What I do when layering kicks and snares is a bit complex but it does wonders.
Lets say I have a kick and a snare, I would make a ghost channel for both. So I'd take the transients of both, put them on their own channel and mute the output. This gives me the kick channel, the snare channel, the ghost kick channel and the ghost snare channel.
Then I sidechain the snare channel to the ghost kick, so the kick's transient will punch through instead of being washed away by the snare's transient. At the same time, I sidechain the kick by the snare's ghost channel. However, I only sidechain away the frequency in the kick, where the snare's fundamental frequency is.
Doing this, u make room for the kicks thump (the fundamental frequency) in the kick, and u make room for the kicks transient.
https://soundcloud.com/milesdominic/mako
https://soundcloud.com/milesdominic/in-retrospect-free-dl
these are 2 examples where i used that technique.
ok instead of getting complicated and convoluted, what you can do is just adjust the attack time of the samples that you use when all of your layers are played together.

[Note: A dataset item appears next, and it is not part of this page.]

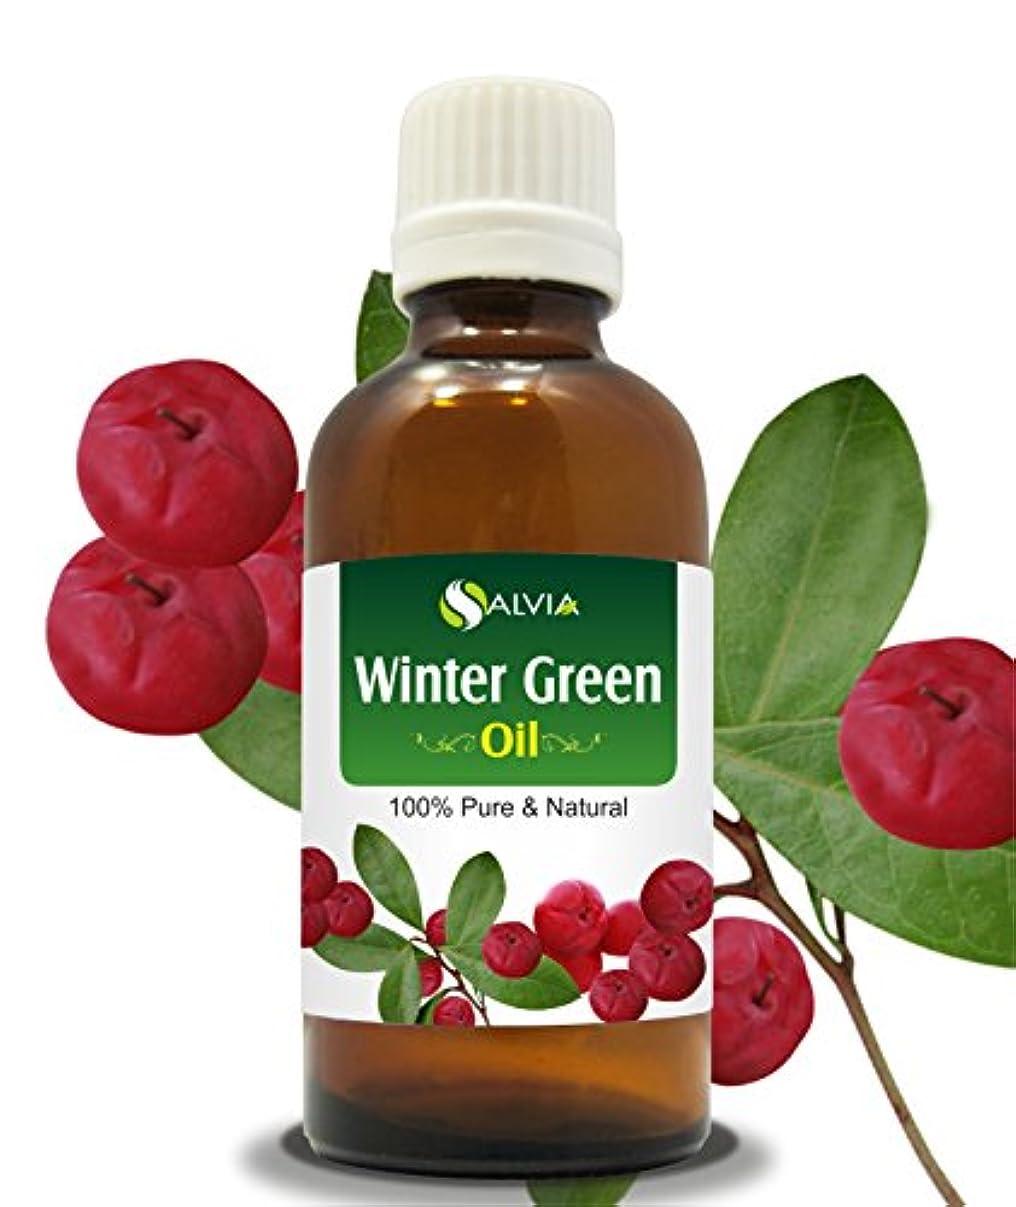 違反するビスケット取るに足らないWINTER GREEN OIL 100% NATURAL PURE UNDILUTED UNCUT ESSENTIAL OIL 30ML

You can also nudge things a little before or after, i tend to do things after because music is going forward and behind the pocket isn't so bad.
I have quite a few kick and snare layers, but the principle applies to just having a kick and a snare.
You just adjust the attack of the snare drum every so slightly, so that when you do combine the kick and snare together the transients are being applied at different times, and it'll sound like one.
You gotta take into time differences with this as well as frequency perspective.
You should also take that to hear when creating sounds with synths and cymbals.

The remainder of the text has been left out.